Phenotypic distance clustering among the eggplant wild relatives

Figure 2 represents the phenotypic distance among the 13 eggplant species based on the morphological descriptors. The eggplant species were divided into four major groups. Group I (S. wrightii, CHB–WEP–1) and group II (S. sisymbriifolium, CHB–WEP–9) exhibited unique morphotypes compared to other species. Group III includes two cultivated eggplant species of S. melongena (CHB–WEP–12 and CHB–WEP–13) with similar morphological features. Other species such as S. mammosum (CHB–WEP–2), S. aculeatissimum (CHB–WEP–3), S. trilobatum (CHB–WEP–4), S. melongena–wild type (CHB–WEP–5 and CHB–WEP–10), S. torvum (CHB–WEP–6), S. macrocarpon (CHB–WEP–7), S. aethiopicum (CHB–WEP–8 and CHB–WEP–11) are categorized under group with a comparatively narrow phenotypic distance. Group IV was further divided into three subgroups with significant phenotypic variation among S. mammosum (Subgroup 1), S. aculeatissimum, and S. torvum (Subgroup 2), and Subgroup 3 includes S. aethiopicum, S. trilobatum, S. macrocarpon, and two wild types of S. melongena.

Figure 2
figure 2

Heat map depicting the phenotypic association among 13 eggplant wild relatives.

The phenotypic tree in the heatmap also describes the critical conventional features that predominantly discriminate the eggplant species (Fig. 2). The phenotypic descriptors were grouped into three major clusters. Group I includes plant spread, plant height, days to flower, stem girth, and the number of leaves which showed higher variability among the tested eggplant species. Group II comprises the number of spines in leaves and stems, leaf width, and girth, However, Group III comprises 24 conventional phenotypic characters, further grouped into three Subgroups (Fig. 2).

Fruit characters such as fruit color at maturity, fruiting pattern, fruit color at harvest, fruit shape, fruit curvature, fruit calyx spine, and flower color in Subgroup1 of Group III signifies less variation among the eggplant species, which may be used for stringent selection of the unique species. On the other hand, fruit glossiness, fruit ápex shape, length of the peduncle, spines intensity, fruit stripes, leaf–spine, and flower numbers in Subgroup 2 showed moderate variation. Subgroup 3 (number of branches, plant growth habit, flower size, vein color intensity, fruit length: diameter, fruit length, stem pubescence, fruit calyx size, fruit diameter, blade color intensity) showed a minimum impact on phenotypic discrimination among the eggplant species (Fig. 2).

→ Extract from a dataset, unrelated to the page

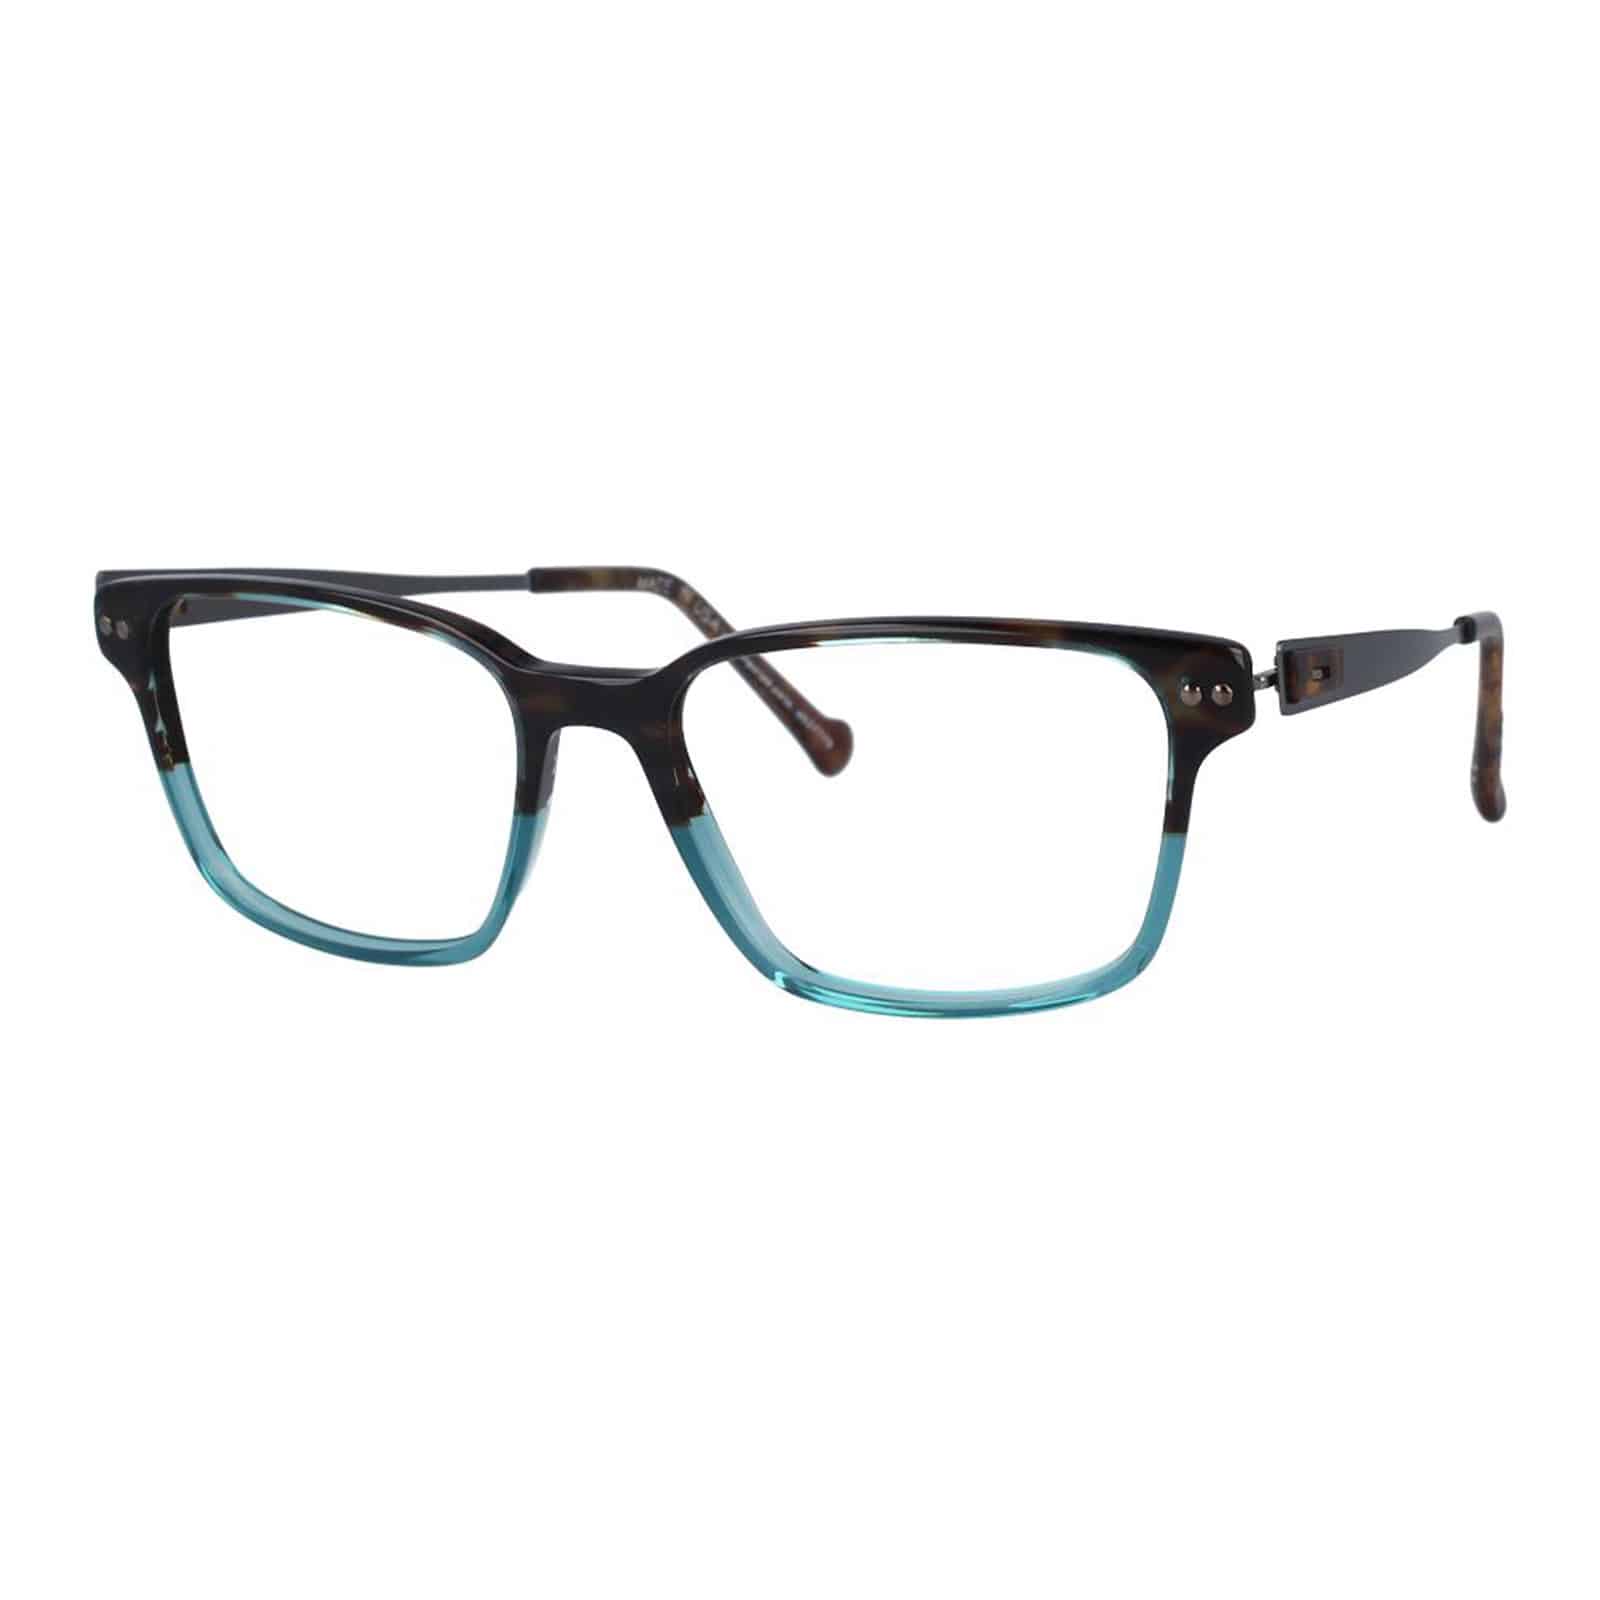 iGreen Frames Hi-Tech Eyewear - Volunteer Eyecare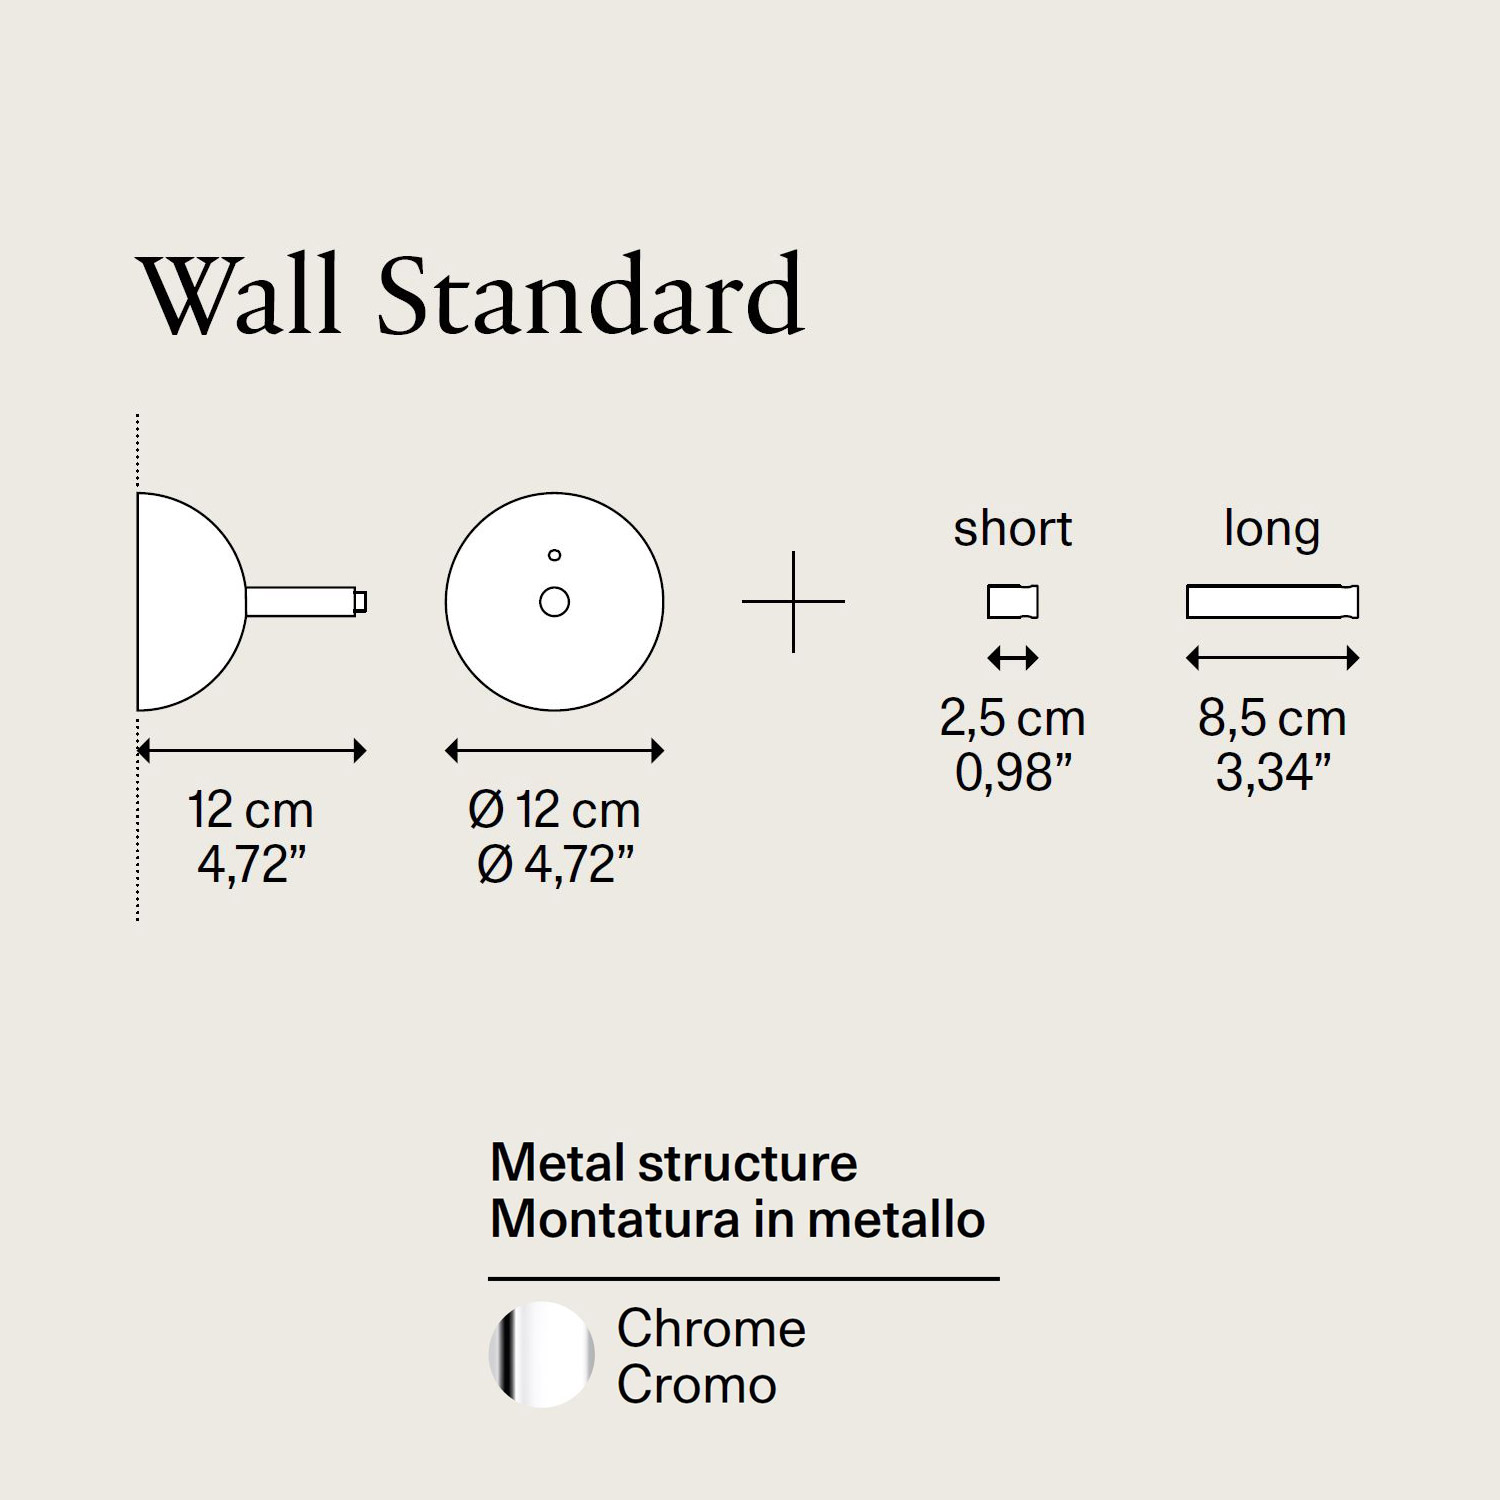 Wall Standard bracket by Lodes

Principal component analysis

Principal component analysis (PCoA; Fig. 3) represented the phenotypic descriptor–wise genotypic clustering, which validates the clusters obtained from the heat map. As per the PCoA result, CHB–WEP–1 (S. wrightii) and CHB–WEP–6 (S. torvum) differed from other species in terms of plant height, stem girth, plant spread, leaf length and width, fruiting pattern, and fruit and flower color. CHB–WEP–2, CHB–WEP–3, CHB–WEP–4, and CHB–WEP–9 exhibited spiny features in the leaf and stem and discriminated from other species based on the fruit color at maturity and the number of flowers. Two cultivated eggplant species (CHB–WEP–12, and CHB–WEP–13) were categorized in the same group with larger fruit shape, size, curvature, fruit stripes, and calyx spininess. The rest of the five eggplant species plotted in the fourth quadra varied among each other with nine morphological descriptors (Fig. 3).

Figure 3
figure 3

Principal component analysis (PCoA) depicting the trait–specific phenotypic association among 13 eggplant wild relatives.

Correlation studies

Pearson’s correlation revealed phenotypic discriminations among the tested species at P ≤ 0.001 level of significance with a threshold value (r = 94.763) [Fig. 4]. The red color dots in Fig. 4 indicated the lowest, and the Green dots represented the highest correlation among the tested eggplant species. Based on the 33 phenotypic descriptors, CHB–WEP–11 (S. aethiopicum) possesses significant similarities with five species (two wild genotypes of S. melongena, S. torvum, S. macrocarpon, and S. aethiopicum (CHB–WEP–8). The wild S. melongena (CHB–WEP–10) resembled five different species (S. mammosum, S. aculeatissimum, S. torvum, S. aethiopicum, and S. sisymbriifolium) with similar morphological characteristics. The two cultivated species of S. melongena (CHB–WEP–12 and 13) showed the least morphological similarity to other species, indicating their narrow genetic base. There is a need for the incorporation of the wild genetic base to broaden the genetic trait among the cultivated species. The combined understanding of phenotypic phylogeny, principal component analysis, and correlation studies would be helpful in selecting the suitable species for augmenting trait–specific breeding strategies.

Figure 4
figure 4

Correlation among the 13 eggplant wild relatives based on the phenotypic features. The threshold value at P ≤ 0.001 is r = 94.763.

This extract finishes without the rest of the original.